We also have something no other generation can offer our children: lived memory of what it actually felt like. That 90s feeling of playing outside until the street lights came on. The last generation to navigate adolescent romance without an app. We know that feeling viscerally, and we know precisely what our children stand to gain if we can impart it.
A New Kind of Politics
Our path has not been straightforward. Many of us graduated straight into the worst financial crisis in living memory. Then, just as we found our footing, started families, and began building something, the pandemic hit, catching us precisely at the moment of young children and aging parents simultaneously. In response to both, governments printed unprecedented amounts of money, generating inflation and wealth inequality unseen in previous generations. At my 15th Harvard reunion a few years ago, the same observation kept surfacing: “I don’t get it. I just made managing director, I’m in the top one per cent of earners, and I still cannot afford the house I grew up in.” No image captures this generational resentment better than the New York Times running a picture of a rotting avocado to describe our predicament.
And yet, precisely because we have watched democracy being hollowed out by social media in real time, we are not brainwashed into accepting the bro-ligarchy. We have seen it all in the first half of our lifetimes: the extraordinary individual success (deserving or not) of some of our American contemporaries like Zuckerberg, Vance and Altman; the collective lifting of hundreds of millions out of poverty in China, and the slow, sad decline of a kinder, more humane Europe. We have watched an older generation of populist, destructive forces trade our prosperity, and our children’s, for illusions propagated by social media’s darker tendencies.
It is precisely because we stand on this precipice, because we genuinely fear that our children will not live better lives than our own, that we understand the full weight of what is needed. We have seen enough to know that the existing political and economic system is not working for us. And we have enough perspective, and enough time, to demand something better: a politics that is more nuanced, more humane, and built from the best of what we have witnessed rather than the worst.
As I turn 40, sitting on these library steps where I first started figuring out who I was and what I believed, I find myself unexpectedly optimistic but not naively so. It’s the kind of optimism that comes from having seen enough to know what is broken and still believing it can be fixed.

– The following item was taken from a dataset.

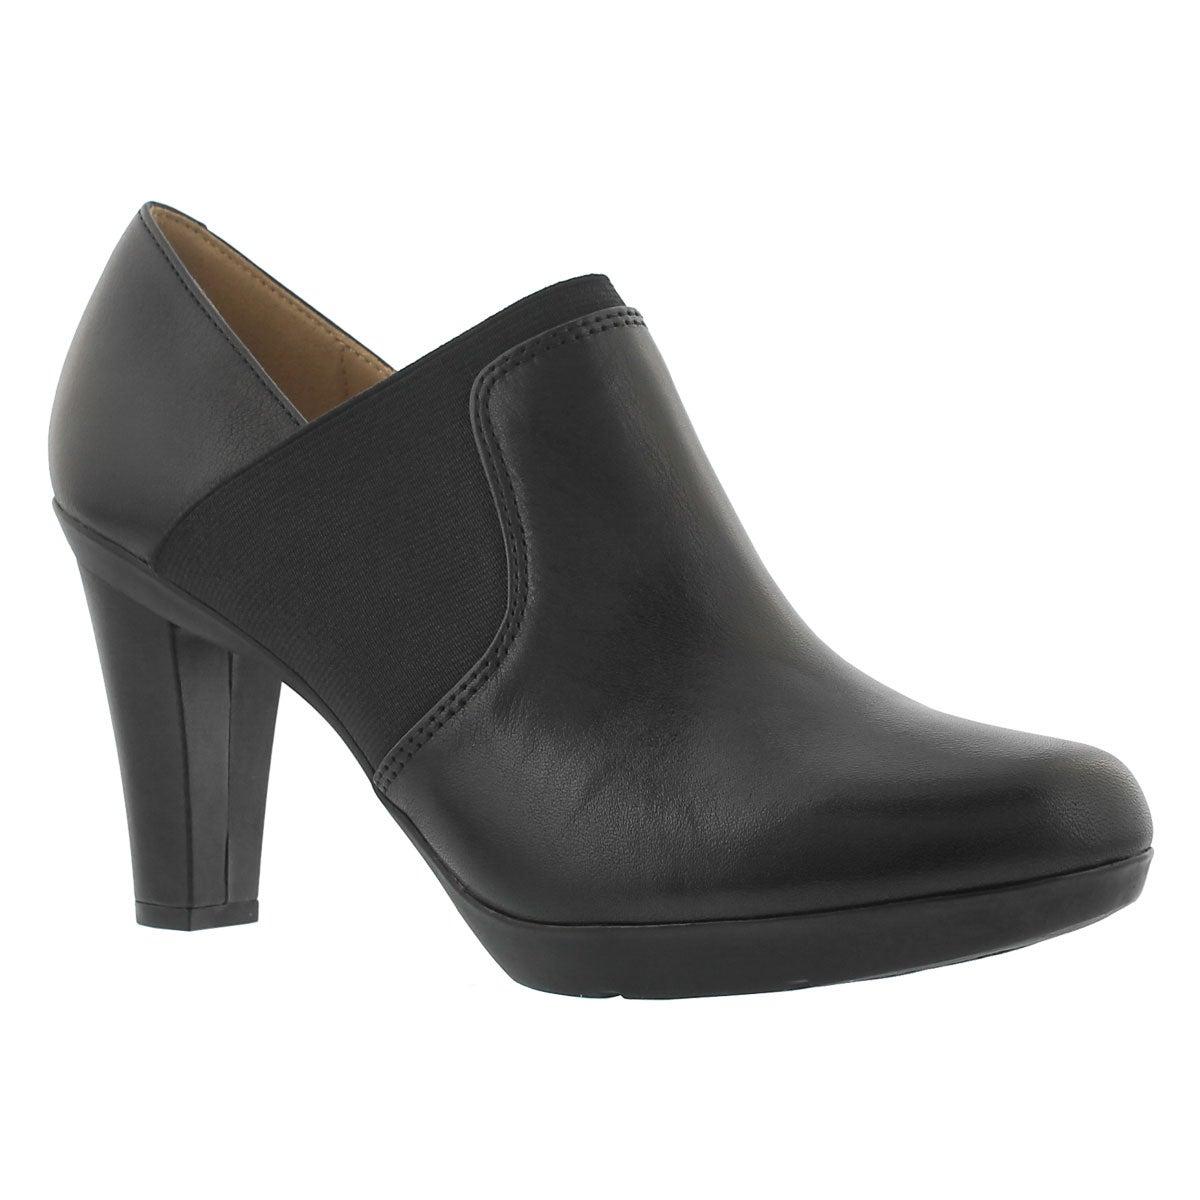 Lds Inspiration blk leather dress heel

We are the in-between generation
We are the in-between generation. We remember the world before the algorithm, and we are building the world after it. We have watched democracy fray, inequality deepen, and an entire generation of children handed screens instead of childhoods. But we also have something no generation before us has had in quite this combination: the technical fluency to understand what AI actually is, the human grounding to know what it should be for, and the parental urgency to care deeply about what kind of world it builds.
That is not a small thing. That is, in fact, everything.
So as I head to London to mark four decades on this earth, here is my birthday resolution: to use whatever influence, platform, and energy I have to ensure that this AI revolution works for people, not just for a handful of billionaires in California. To build AI that amplifies human dignity rather than replacing it. And to raise children who know what it feels like to play outside until the street lights come on.
Fellow millennials: we are not too old and we are not too young. We are exactly on time.